_What to do_:
When you reach the line holding "A-World-Without-Google-Infographic-1", please begin to restate the lines word for word and continue through the last one in the material, excluding pictures.

_Provided material_:
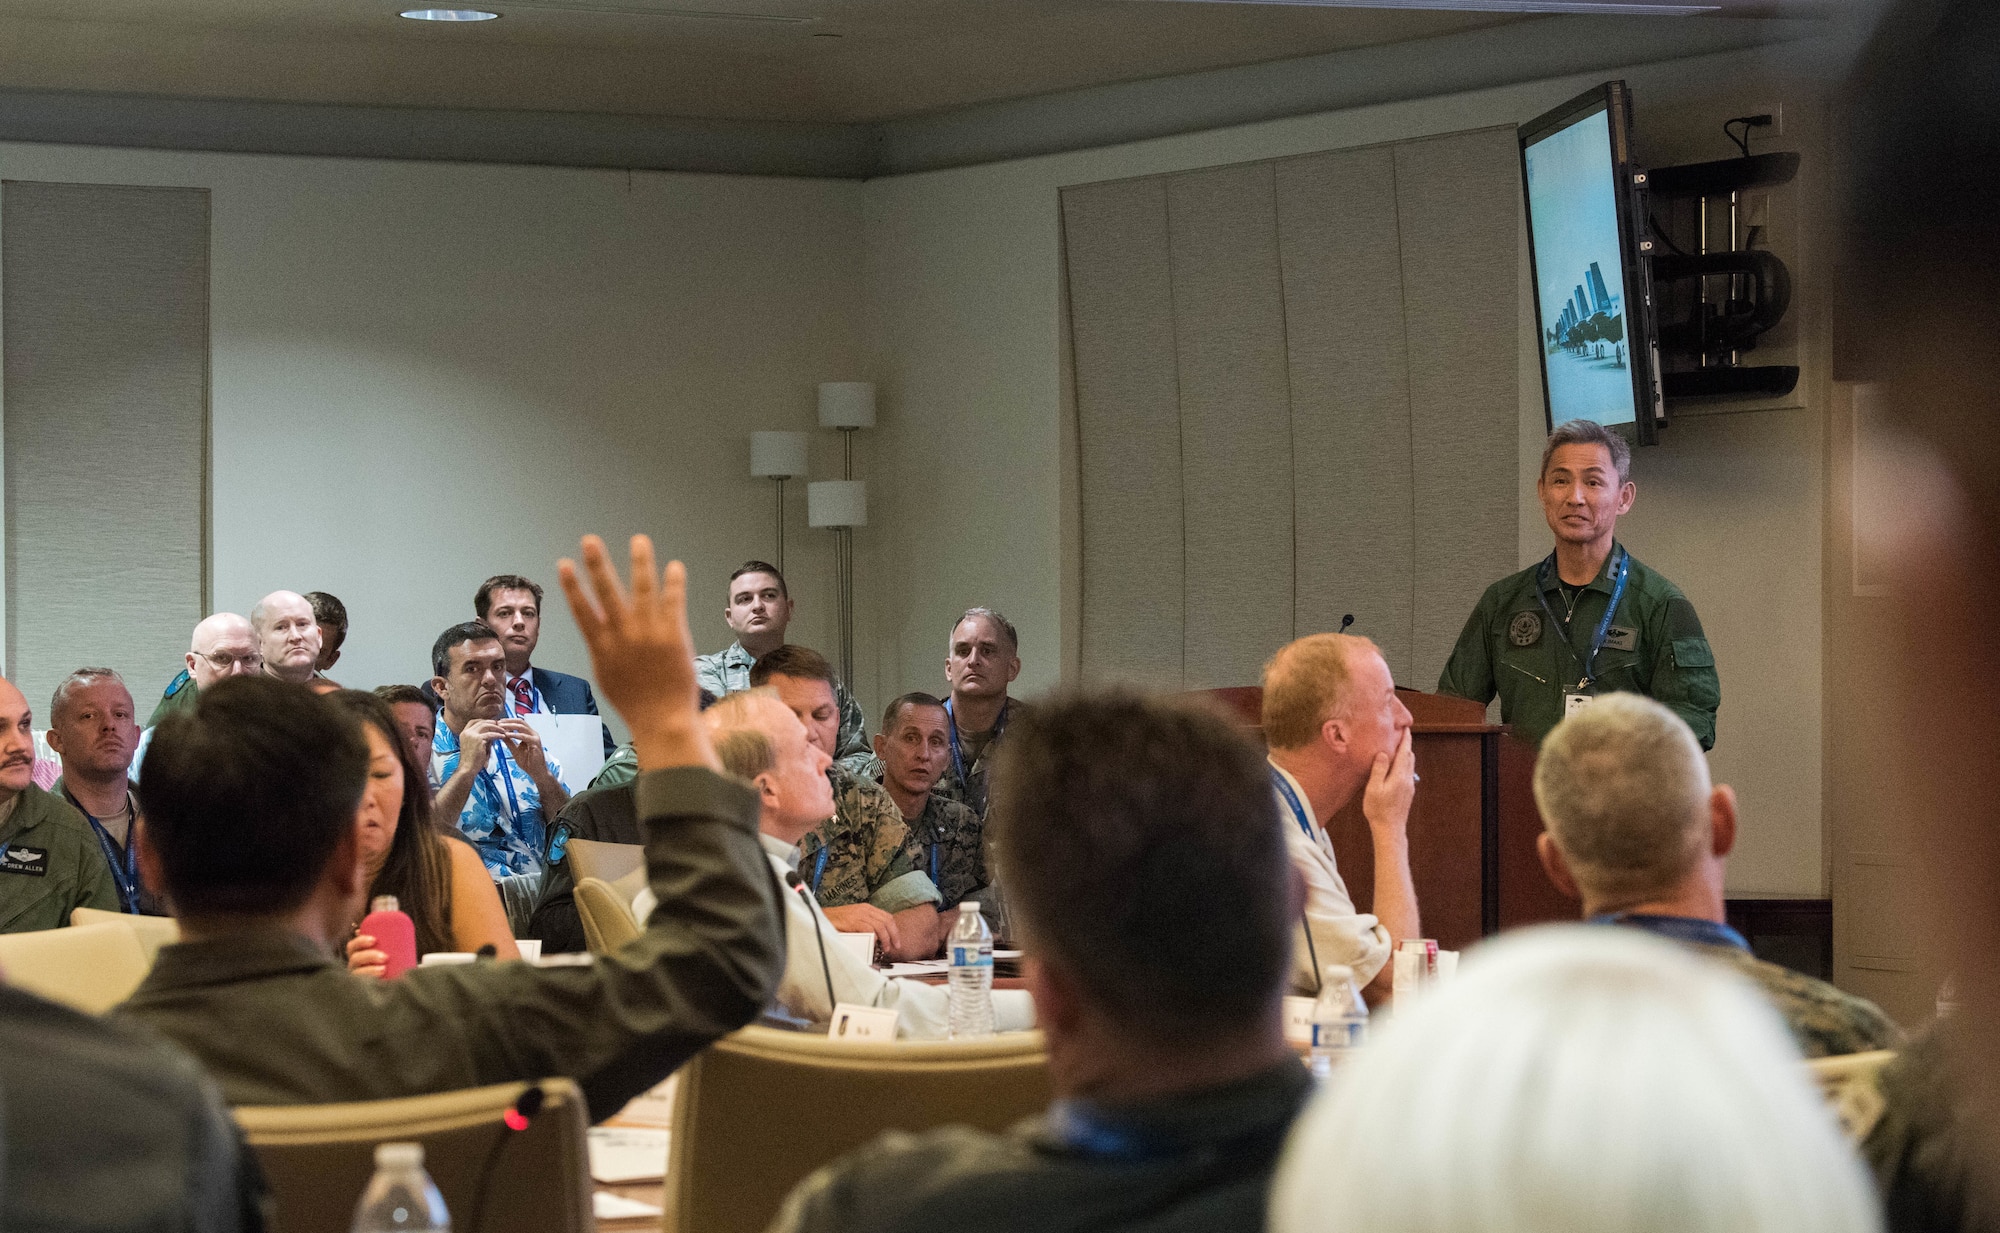 Koku Jieitai (Japan Air Self-Defense Force) Maj. Gen. Koji Imaki, Director of Defense Pans & Operations, gives a country update briefing during the Pacific F-35 Users Group Conference at Headquarters Pacific Air Forces, Joint Base Pearl Harbor-Hickam, Hawaii, March 13, 2019.
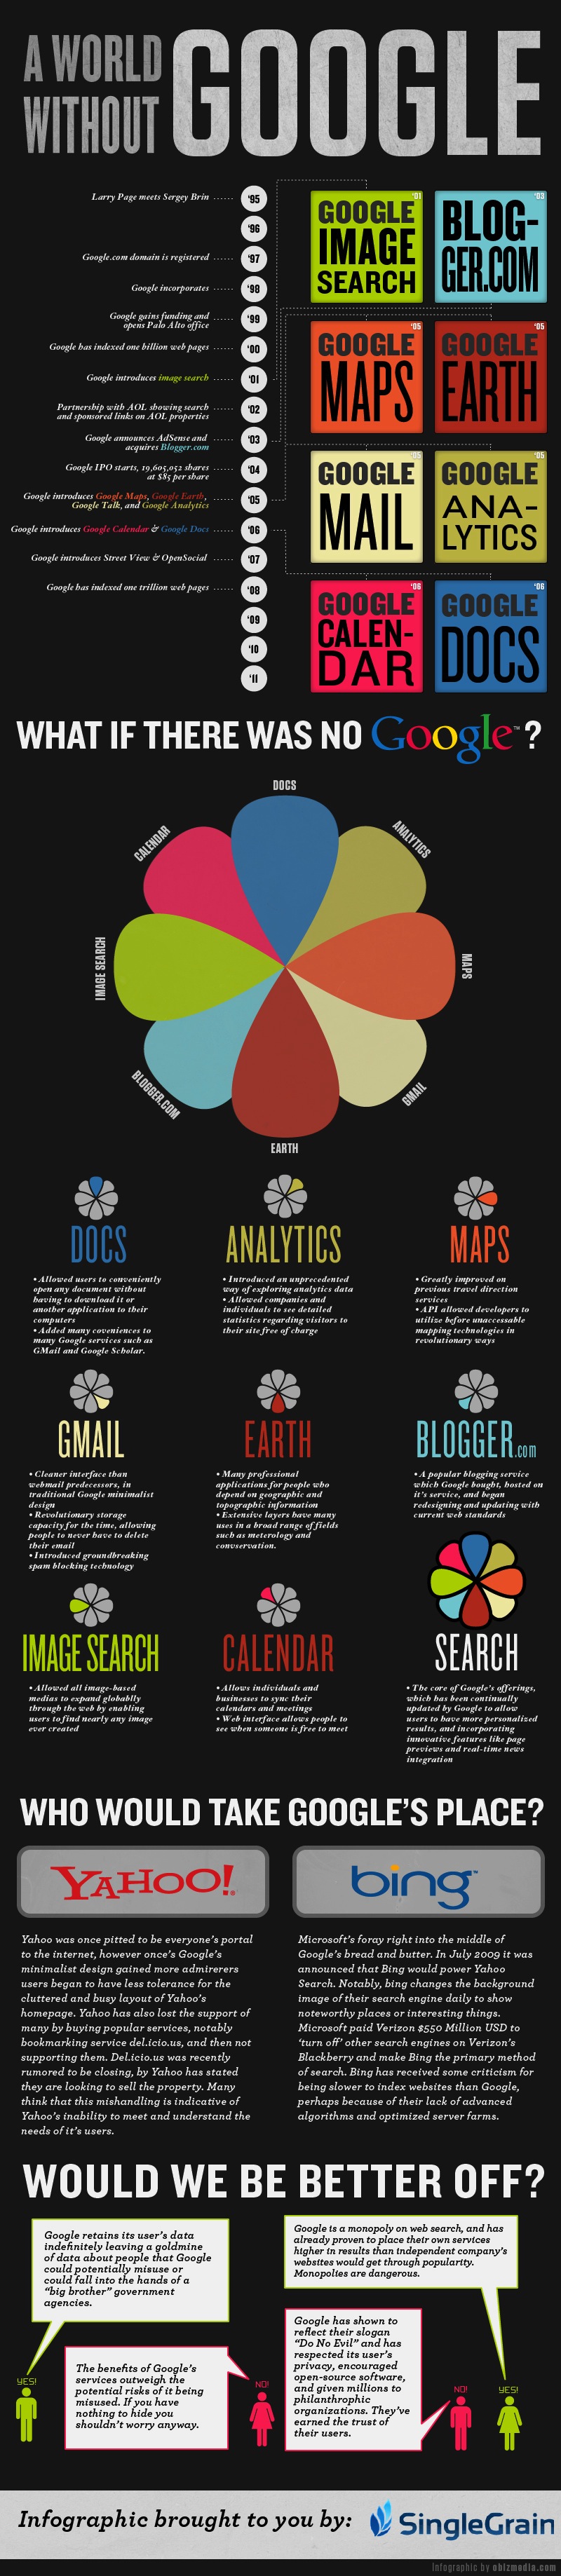 A-World-Without-Google-Infographic-1
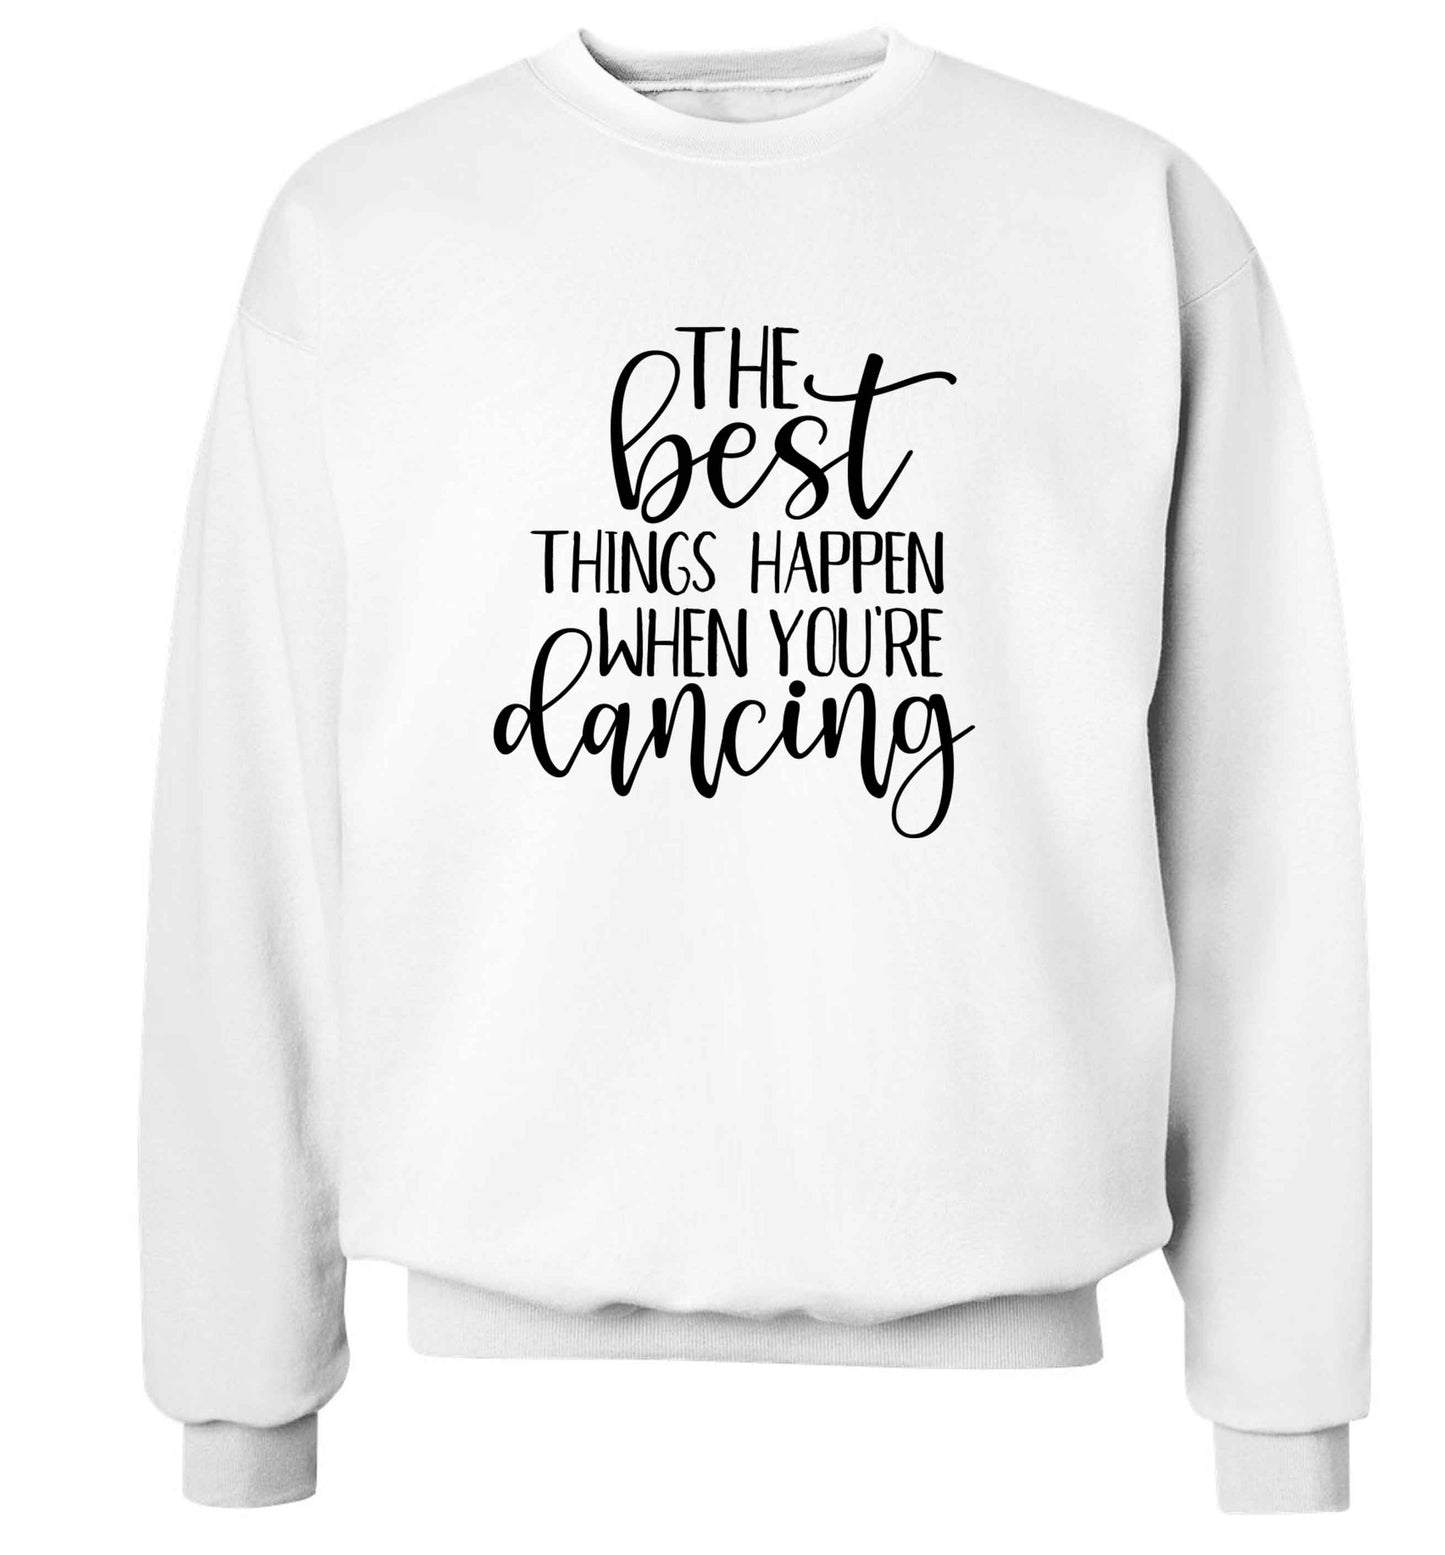 Best Things Happen Dancing adult's unisex white sweater 2XL
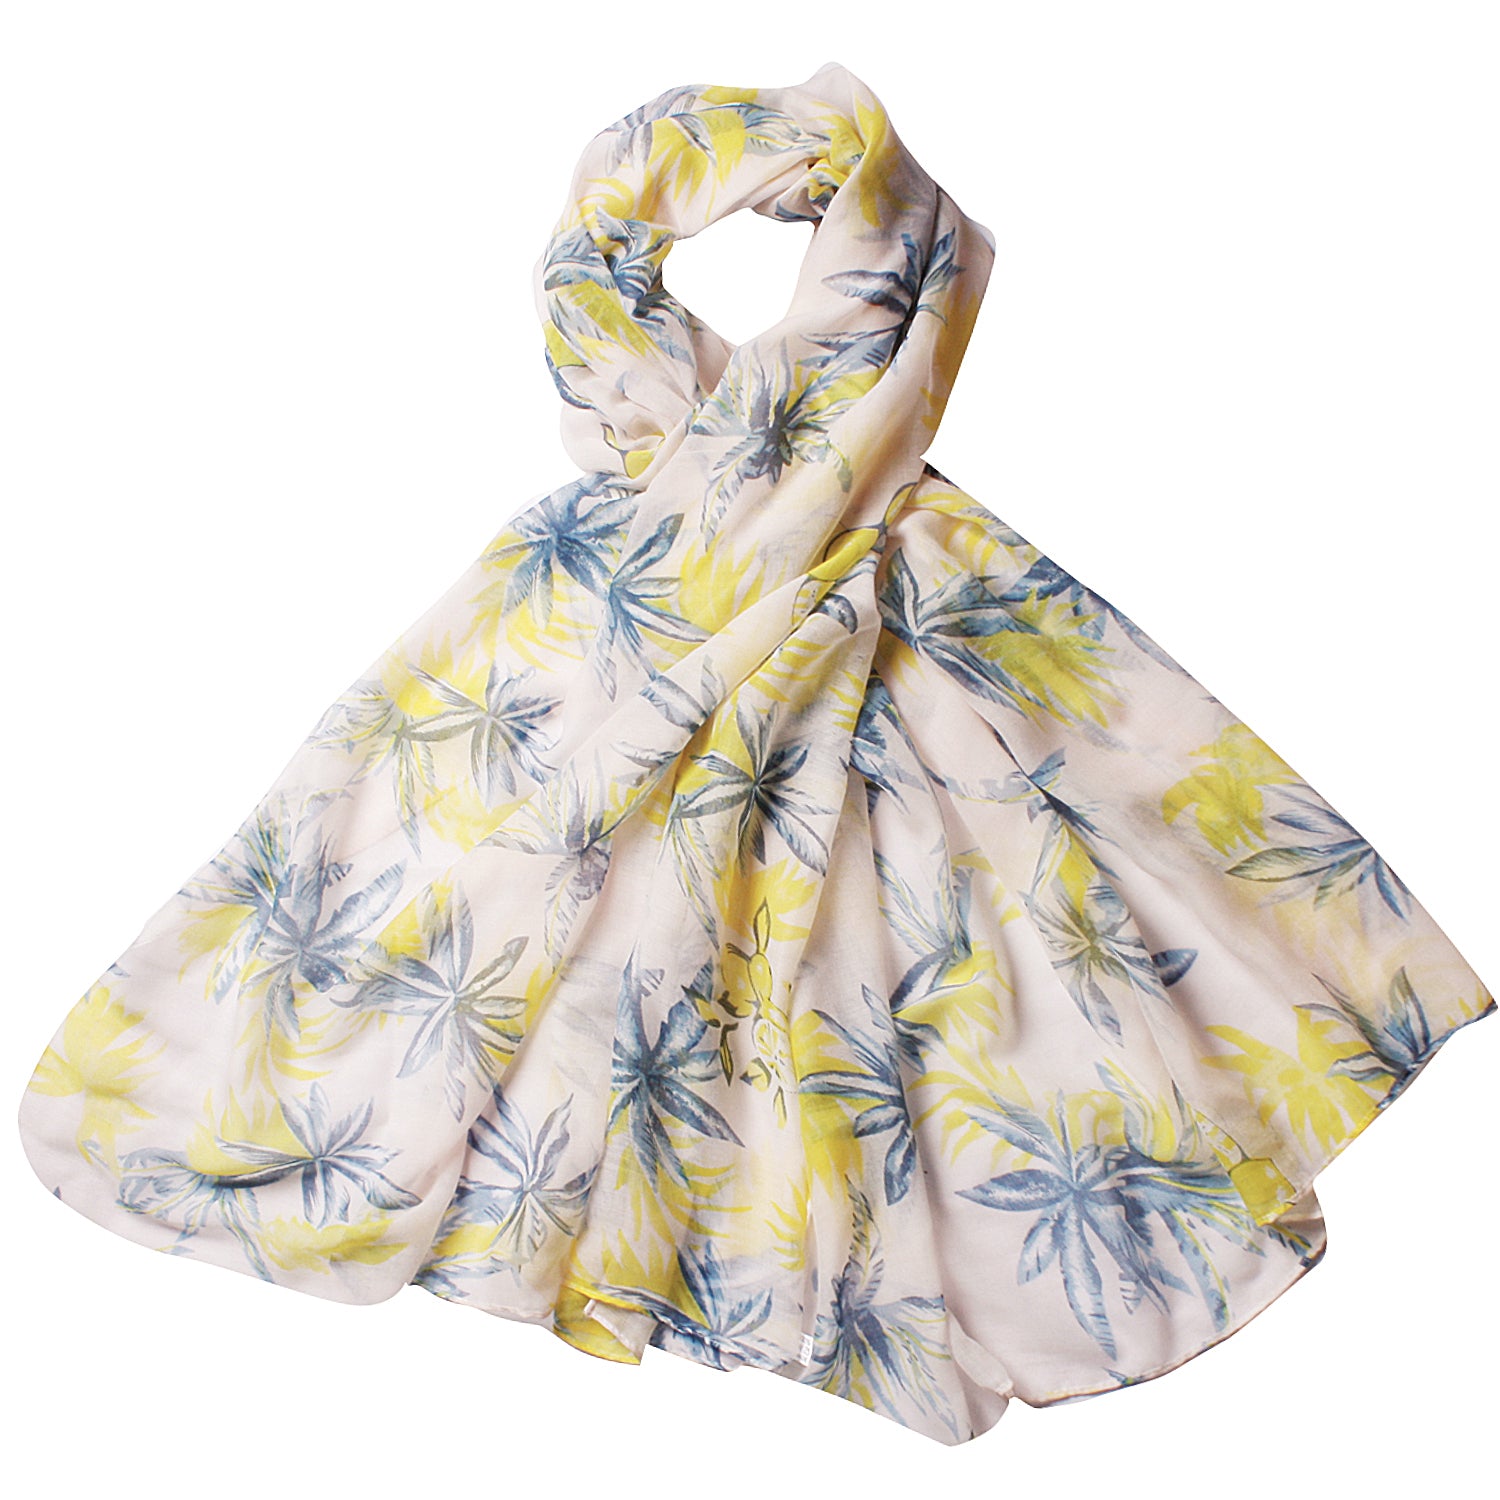 Women Lightweight Scarves Shawl Wraps with Floral Print for Spring Fall Holiday-EvridWearUS

_Answer_:
 A-World-Without-Google-Infographic-1
 Best Things Happen Dancing adult's unisex white sweater 2XL
 Women Lightweight Scarves Shawl Wraps with Floral Print for Spring Fall Holiday-EvridWearUS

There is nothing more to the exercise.